● PROVIDED RECORDS:
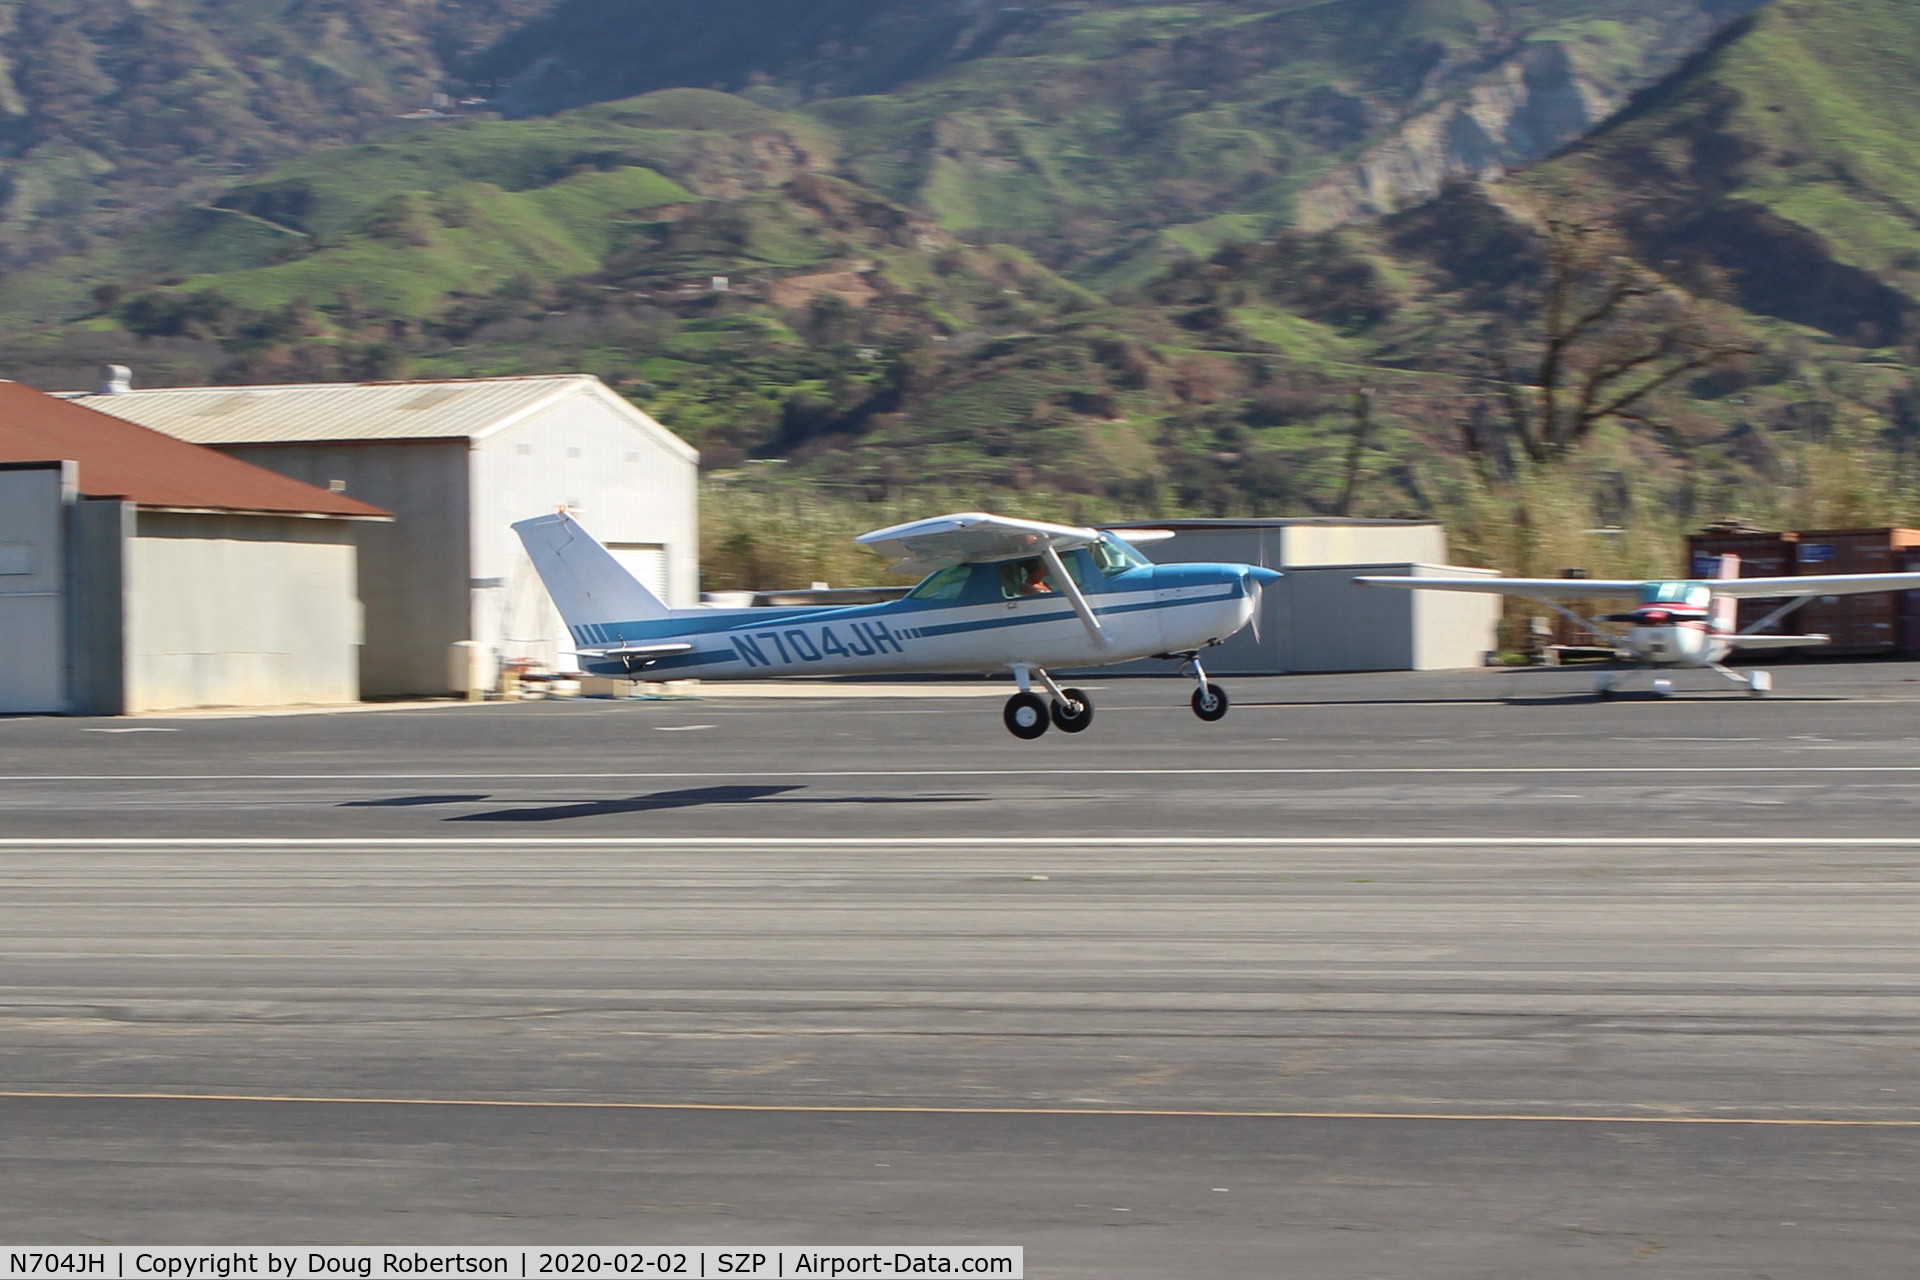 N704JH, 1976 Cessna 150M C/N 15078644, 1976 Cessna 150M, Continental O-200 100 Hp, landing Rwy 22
* * *
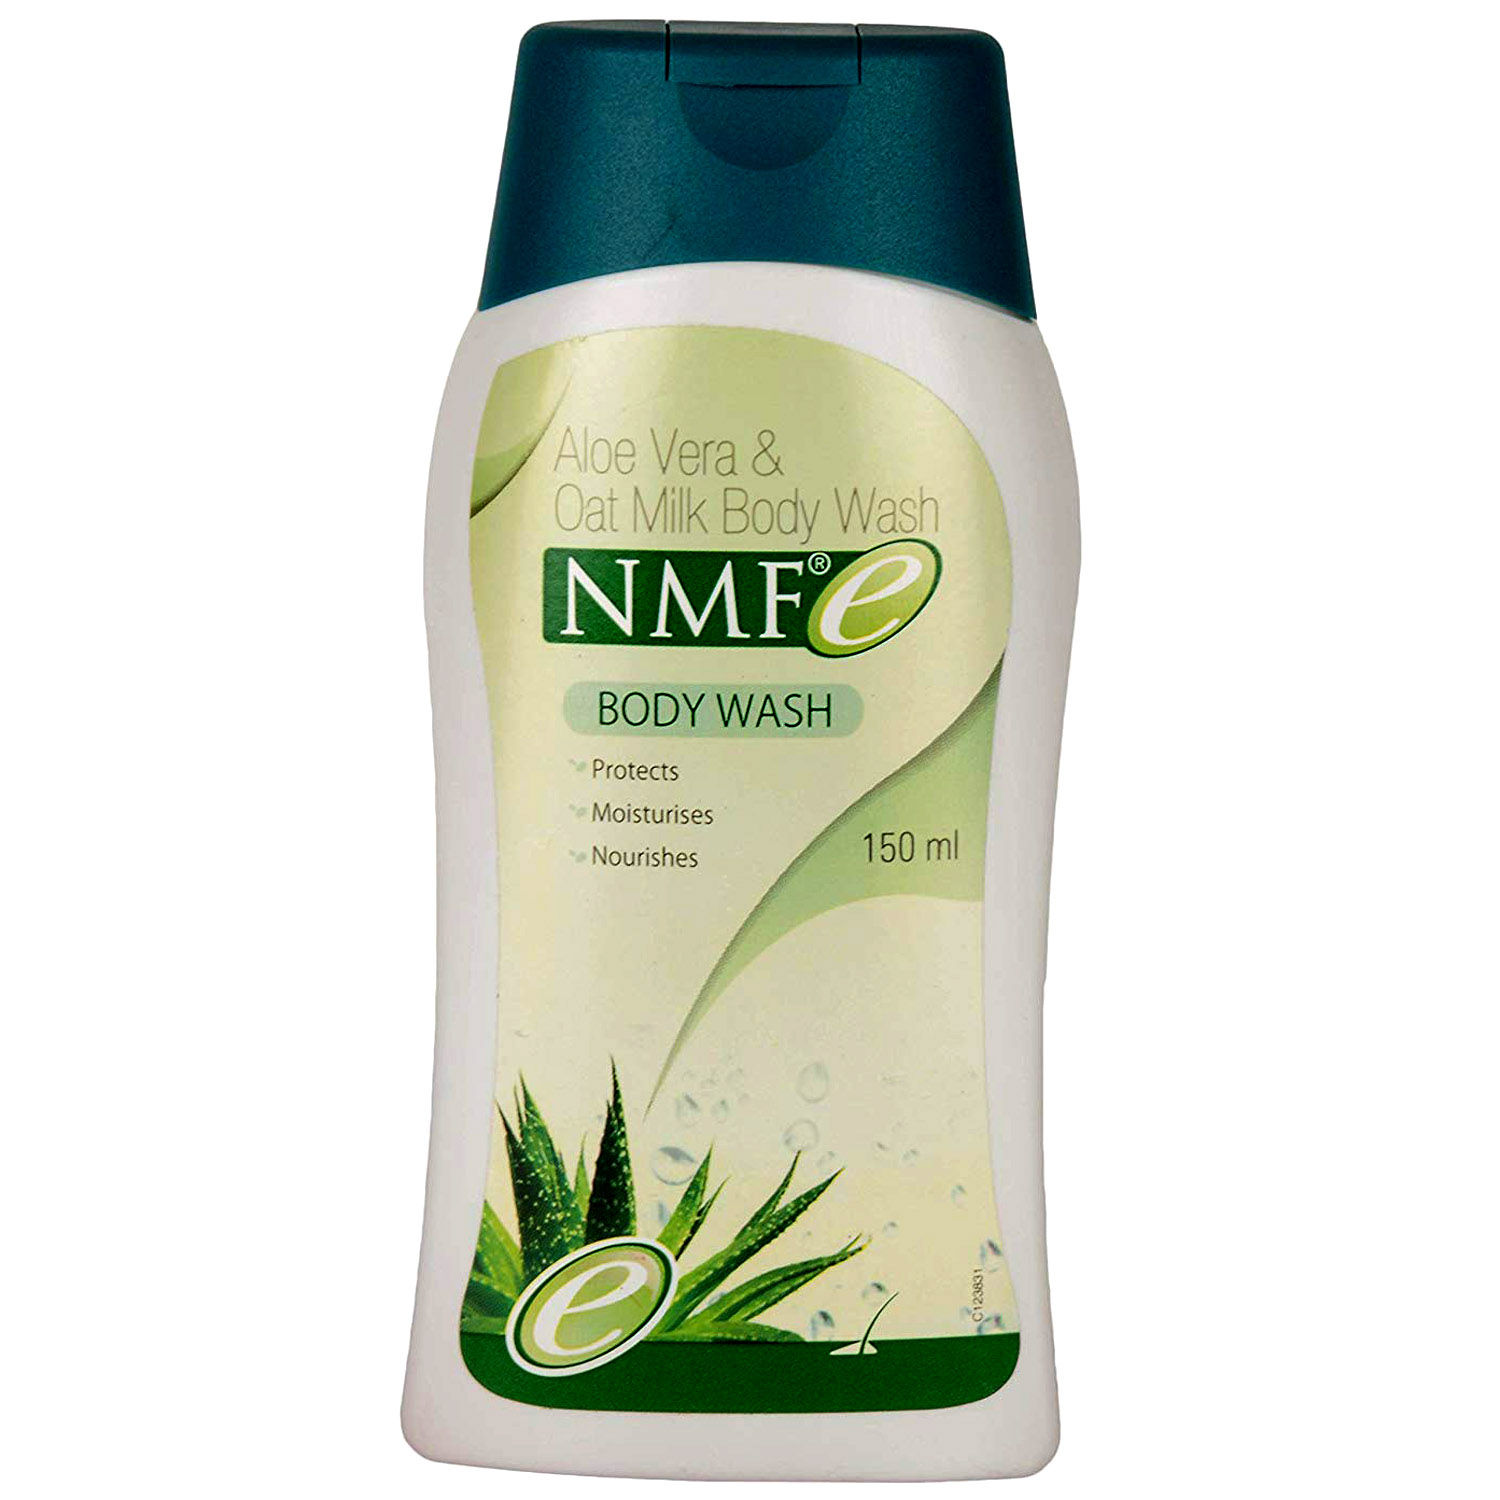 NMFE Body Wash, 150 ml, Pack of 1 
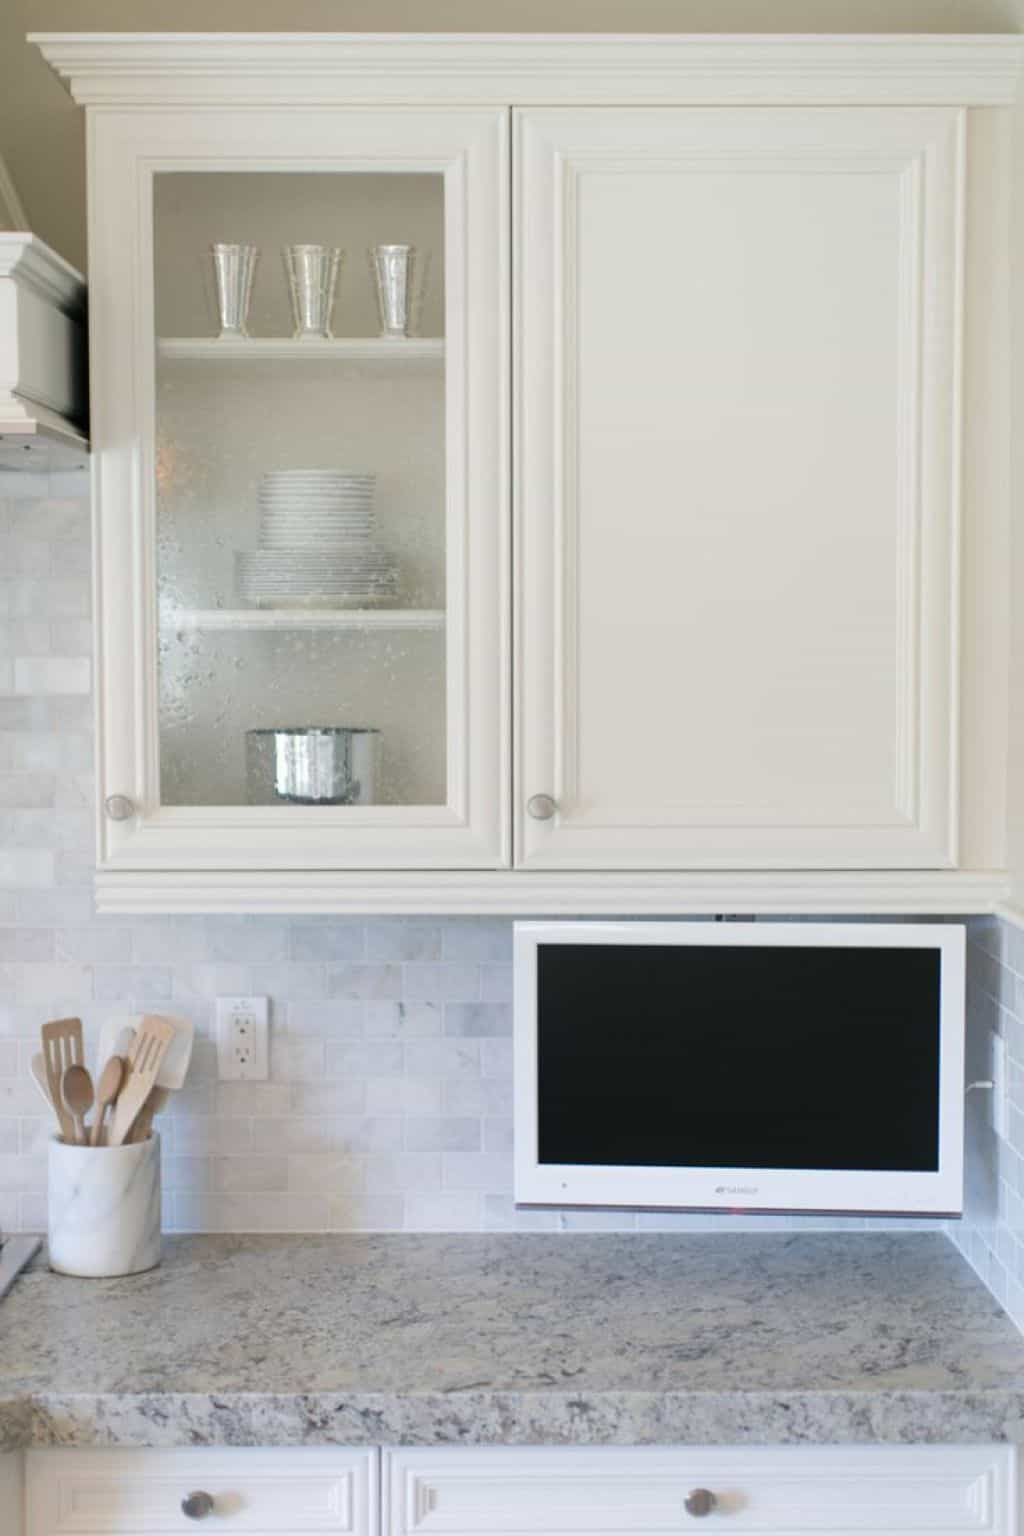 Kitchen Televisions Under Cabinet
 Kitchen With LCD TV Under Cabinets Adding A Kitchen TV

● WHAT THIS TASK INVOLVES: Could you repeat, exactly, only the lines above starting at the one that has "Kitchen Televisions Under Cabinet" and stopping after the one that has "Kitchen With LCD", without the pictures?

● EXERCISE OUTPUT:
 Kitchen Televisions Under Cabinet
 Kitchen With LCD TV Under Cabinets Adding A Kitchen TV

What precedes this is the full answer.